Consider the following funds' returns, and assume they follow normal distribution and their mean and standard deviations are:
     Mean,    Annual Std:
A:    1%,      10%
B:    3%,      20%
C:    1.5%,    15% 
D:    2%,      25%
E:    1.2%,    13%

Assume the correlation between returns are:
Fund A and C is 0.3
Fund B and D is 0.4
With no correlations between all others

Your colleague did a Monte carlo simulation of returns for these 5 funds and saved the results in Excel "Fund_Performance.xlsx" in "Problem 3" folder.

### Questions - For all questions here, you can just do it in Excel or any application you like (Matlab or Python).

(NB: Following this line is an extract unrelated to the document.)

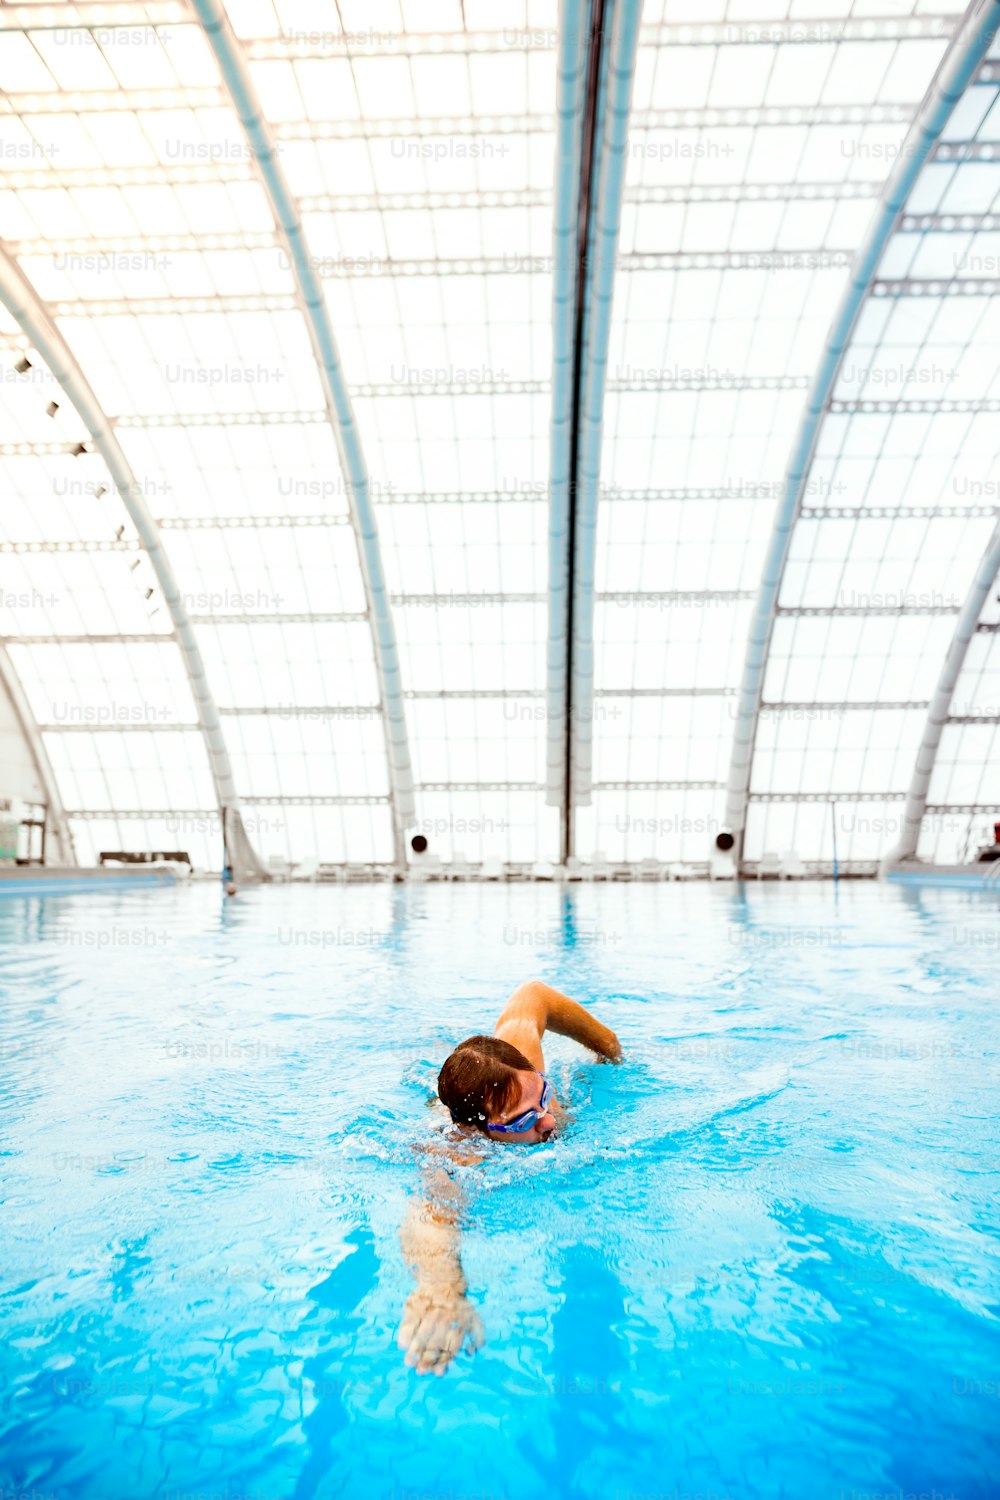 Uomo che nuota in una piscina coperta. Nuotatore professionista che si allena in piscina.
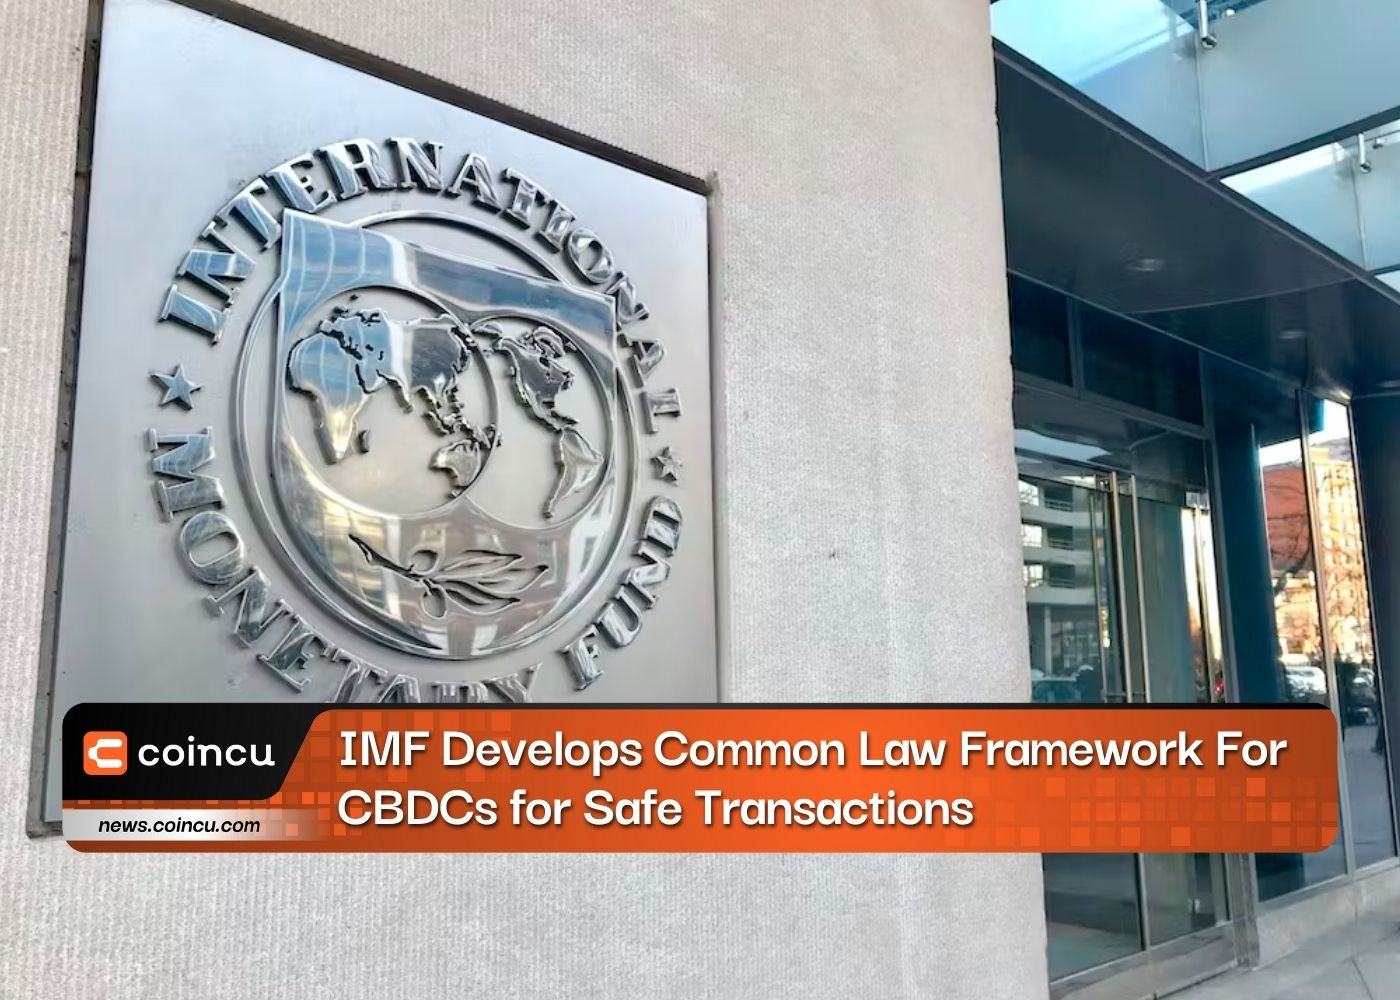 Le FMI développe un cadre de droit commun pour les CBDC pour des transactions sûres

1. Could you please calculate Var_95, CVaR_92.5 and CVaR_97.5 for these 5 funds respectively from the ***simulated returns?
2. Could you please calculate ***Parametric*** Var_95, CVaR_92.5 and CVaR_97.5 for these 5 funds respectively?
3. Estimate VaR_95 using methods in Problem 2 and do a comparison to historical and parametric VaR_95.
4. Assume a portfolio composed of funds A to E equally weighted and rebalanced daily and please estimate VaR_95 and CVaR_95 of the portfolio.
5. Bonus point - 
    *a. Check if your colleague did the Monte Carlo simulation of returns correctly from the results
    *b. How can you fix it? - Just describe what's the problem and how to fix it should be enough, not necessarily code it.